How about a priority queue? You can keep elements sorted there with keys representing the frequency. Just update the object position in the queue after visiting it. You can update just from time to time for optimizing the performance (but reducing precision).

Many implementations I have seen have runtime complexity O(log(n)). This means, when the cache size is n, the time needed to insert/remove an element into/from chache is logarithmic. Such implementations use usually a min heap to maintain usage frequencies of elements. The root of the heap contains the element with lowest frequency, and can be accessed in O(1) time. But to maintain the heap property we have to move an element, every time it is used (and frequency is incremented) inside of the heap, to place it into proper position, or when we have to insert new element into the cache (and so put it into the heap).
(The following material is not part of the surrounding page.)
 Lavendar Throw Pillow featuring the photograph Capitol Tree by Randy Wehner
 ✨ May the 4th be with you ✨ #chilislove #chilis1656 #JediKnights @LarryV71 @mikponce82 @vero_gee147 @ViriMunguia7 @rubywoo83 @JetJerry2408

But the runtime complexity can be reduced to O(1), when we maintain a hashmap (Java) or unordered_map (C++) with the element as key. Additinally we need two sorts of lists, frequency list and elements lists. The elements lists contain elements that have same frequency, and the frequency list contain the element lists.
frequency list
1 3 6 7
a k y x
c l z
m n
Here in the example we see the frequency list that has 4 elements (4 elements lists). The element list 1 contains elements (a,c,m), the elements list 3 contains elements (k, l, n) etc.
Now, when we use say element y, we have to increment its frequency and put it in the next list. Because the elements list with frequency 6 becomes empty, we delete it. The result is:
frequency list
1 3 7
a k y
c l x
m n z
We place the element y in the begin of the elements list 7. When we have to remove elements from the list later, we will start from the end (first z, then x and then y).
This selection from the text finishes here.